Выбрать главу

Владимир Алексеевич не раз говорил и знакомым и домашним:

— Сколько слышал потом «Ноченьку» в исполнении Феди, но так, как в ту ночь, Шаляпин никогда не пел ее.

Шаляпина любили. Его голос властвовал до конца дней, если приходилось слышать Федора Ивановича. Но для тех, кто долго общался с ним, талант Шаляпина-человека значил не меньше, чем актера, певца. Все, что делал Шаляпин, превращалось в незабываемые сцены жизни, эпизоды. И обиженные Шаляпиным не в силах были противиться обаянию этой удивительной личности. Дядя Гиляй повидал немало людей, но не помнил, чтобы кто-нибудь с такой легкостью, изяществом, не заботясь о своих действиях, мог обворожить собеседника, как это делал Шаляпин, даже если и не хотел, а уж если хотел… Шаляпин был человеком, в котором, казалось, соединились вся талантливость русская, необычайная широта натуры, размах, красота, сердечность… Все в нем жило от стихии, от буйного потока, и всего отпущено с лихвой. Он все мог, и все получалось.

Шаляпин всегда был готов откликнуться на шутку и охотно шел ей навстречу.
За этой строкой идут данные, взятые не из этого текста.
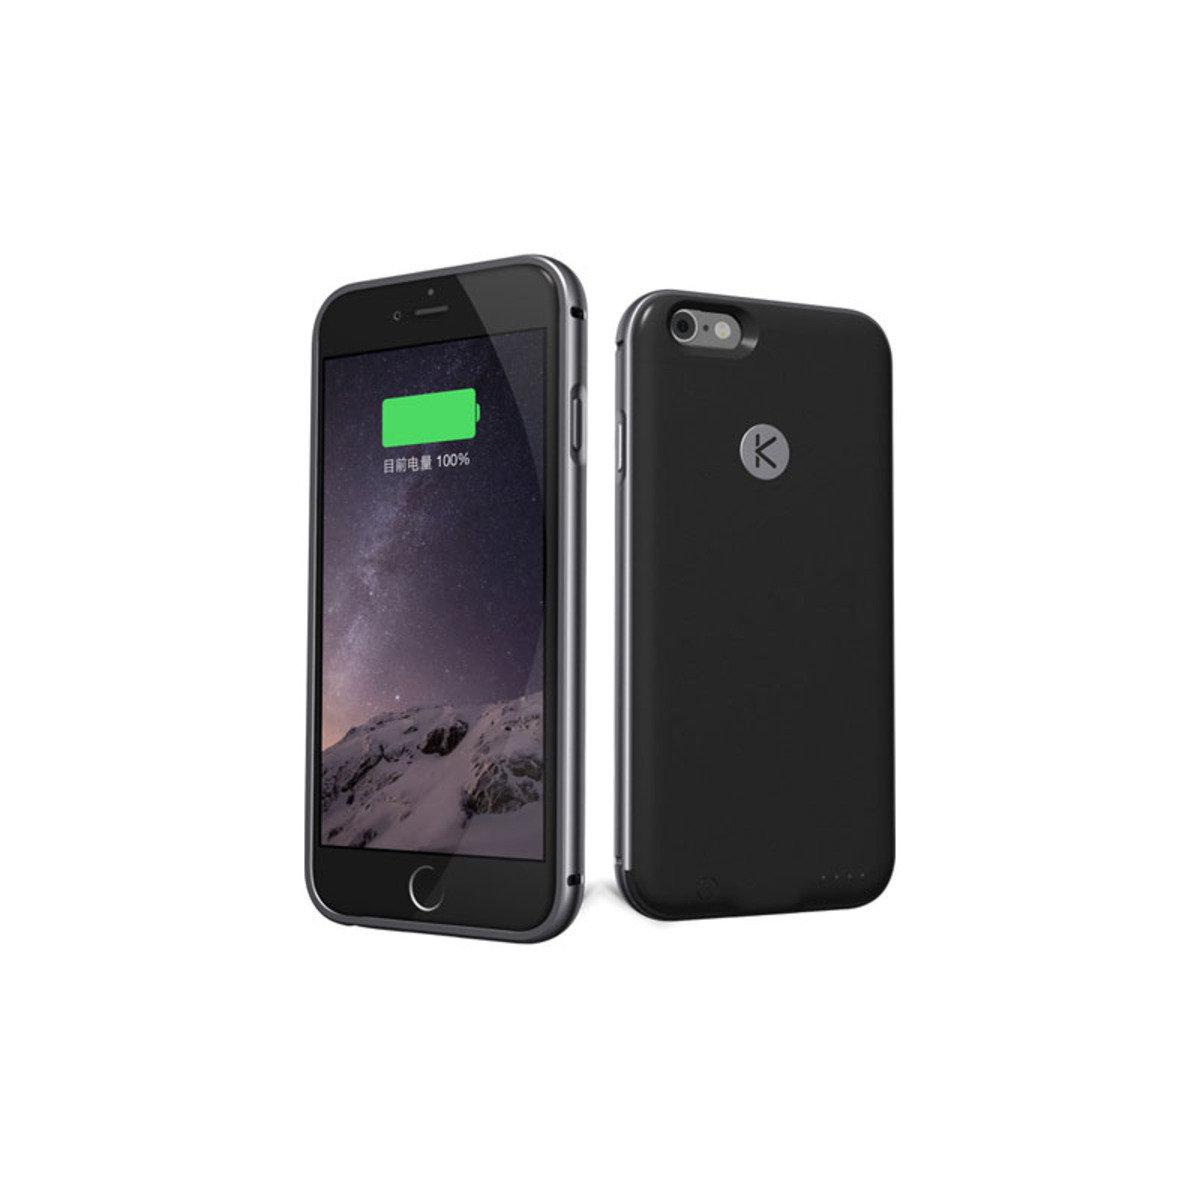 iPhone 6 / 6S 專用金屬邊框機殼連2400mAh充電池 太空灰+黑色
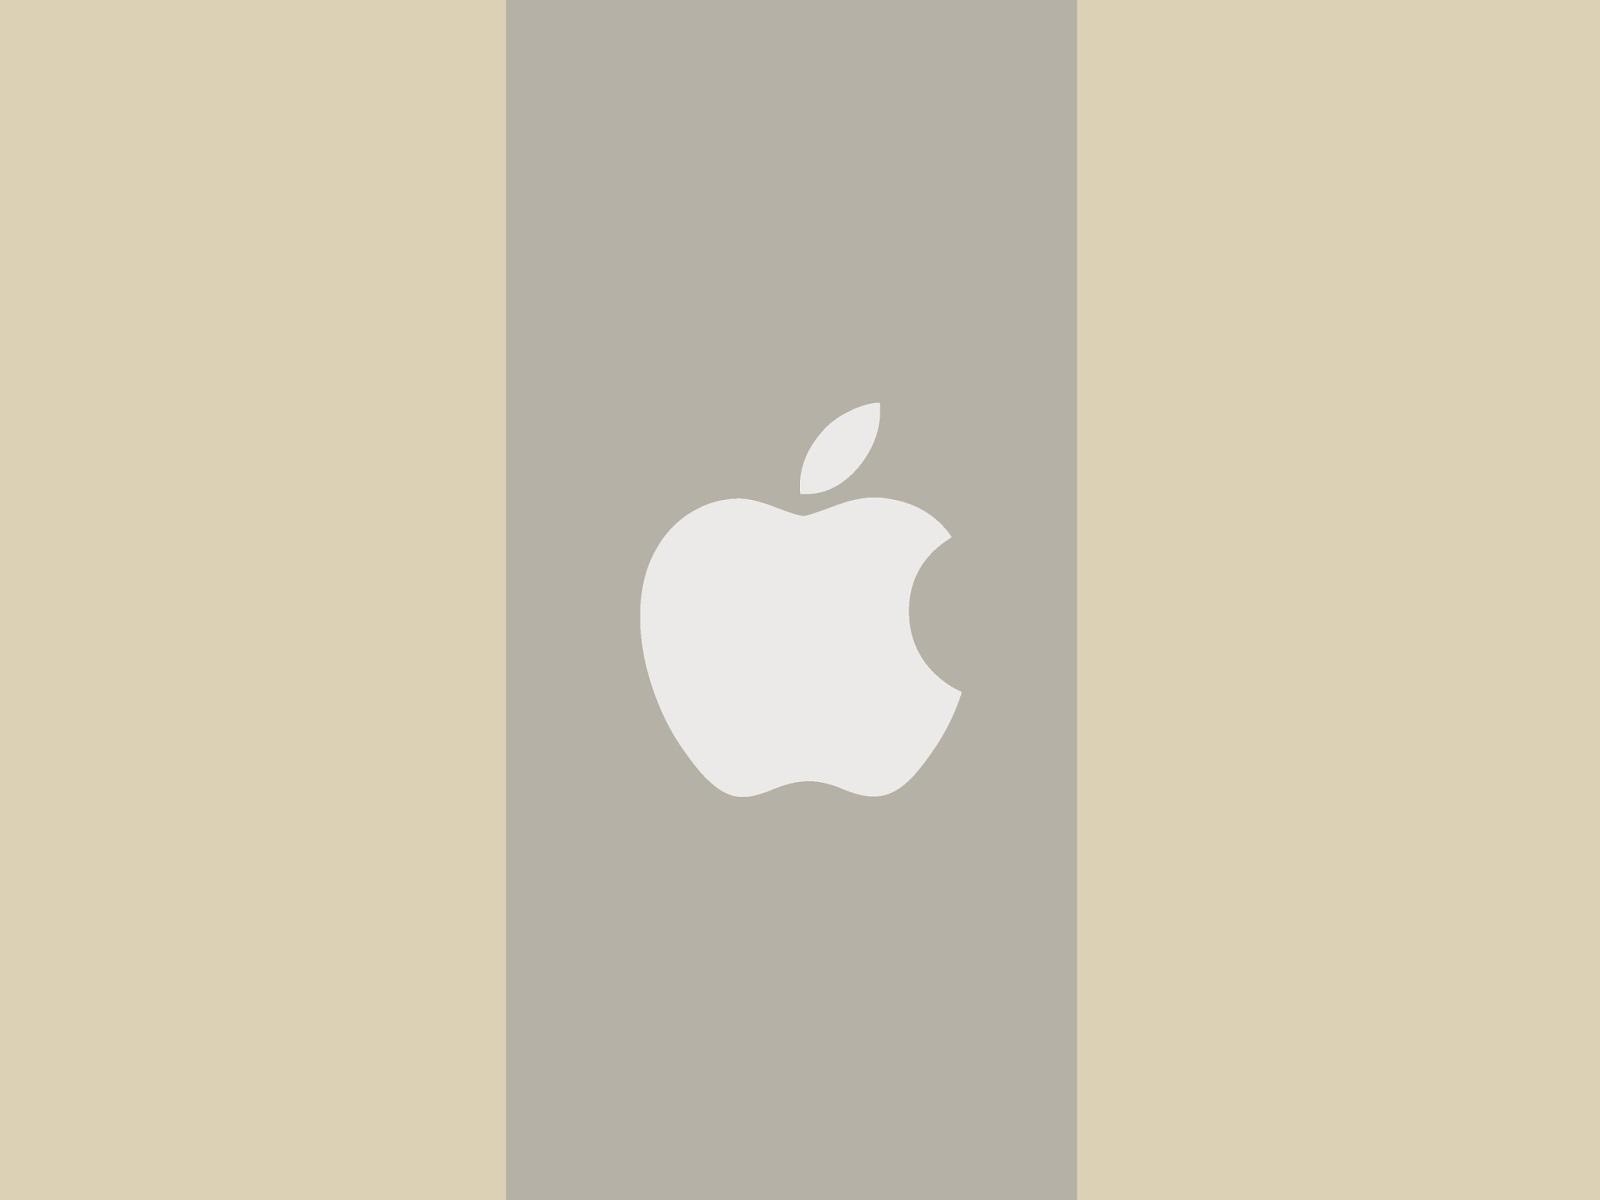 Light Pure Cappuccino X Colors Apple IMac And MacBook Pro Wallpaper HD High Quality 4000x3000 Pixels 43

Случалось, давали себе полный простор Шаляпин и дядя Гиляй, не сдерживая натуры или только чуть-чуть сдерживая. Пение Шаляпина иногда толкало дядю Гиляя на какие-то, пожалуй, неожиданные для него самого шутки, проделки. С тех пор как Шаляпин стал знаменит, билеты на его спектакли доставались с трудом. Дядя Гиляй принадлежал к категории тех счастливых людей, для которых попасть на шаляпинский спектакль, концерт никогда не составляло труда. На шаляпинские спектакли в Большой у него был абонемент. Правда, нередко задержанный делами, дядя Гиляй приезжал скорее к концу спектакля, чем к началу. Случалось, после бессонных ночей он засыпал в театре на маленьком диване, дожидаясь конца спектакля, после которого нередко вместе с Шаляпиным они ехали в Столешники.

Однажды, выспавшись на двух последних актах «Евгения Онегина», дядя Гиляй сказал Шаляпину: — Федя, ты пел, а я храпел…

Это, конечно, исключительный случай. Старался не пропустить «Князя Игоря», особенно если Шаляпин пел Галицкого:

Только б мне дождаться чести На Путивле князем сести… Пожил бы я всласть, Ведь на то и власть…

Выйдя однажды из Большого под впечатлением шаляпинского Галицкого, на Театральной площади дядя Гиляй вдруг, неожиданно для себя, засвистел в свисток городового. У него было два таких свистка — костяной, подаренный Чеховым, и обыкновенный из какой-то стали. Случалось, пользовался в путешествиях по ночлежным домам Москвы и поэтому всегда носил при себе. А тут засвистел на Театральной площади. Городовой — к дяде Гиляю, тот бежать. Городовой за ним. Но не знал, за кем гнался. Спектакль еще не кончился, и Театральная площадь была пустой. Заставив городового покружить (свистел теперь и городовой, призывая на помощь), дядя Гиляй добежал до пожарной лестницы, стоящей всегда у Большого, по ней на крышу, а лестницу за собой поднял. Городовой внизу свистит, а дядя Гиляй на крыше театра ему отвечает. Стали появляться на помощь другие городовые со стороны Кузнецкого. Но недаром был дядя Гиляй членом московской пожарной команды — зная какие-то ходы, он скрылся, пробрался сначала в театр, а там в простой извозчичьей пролетке уехали к Шаляпину на Новинский бульвар ужинать.

Однажды Федор Иванович пригласил к себе близких знакомых на пельмени. Среди гостей были Леонид Андреев, Дмитрий Иванович Эварницкий, был и дядя Гиляй… Ждали долго хозяина дома, но тщетно. Жена Шаляпина Иола Игнатьевна беспокоится, а Федора Ивановича нет. Начали ужин без него, надеясь, вот-вот подойдет, пельменями должен был угощать сам хозяин, но он так и не появился.

И дядя Гиляй написал стихи.

Феде Шаляпину
Тебя с пельменями мы ждали И ждем напрасно до сих пор! Поели, малость выпивали И говорили милый вздор… И дальше я скажу, не труся (Не удивляйся ничему), Решил, как подали нам гуся, Что не товарищ ты ему…

Все подписались под стихами с добавлением: «Ждем ответа».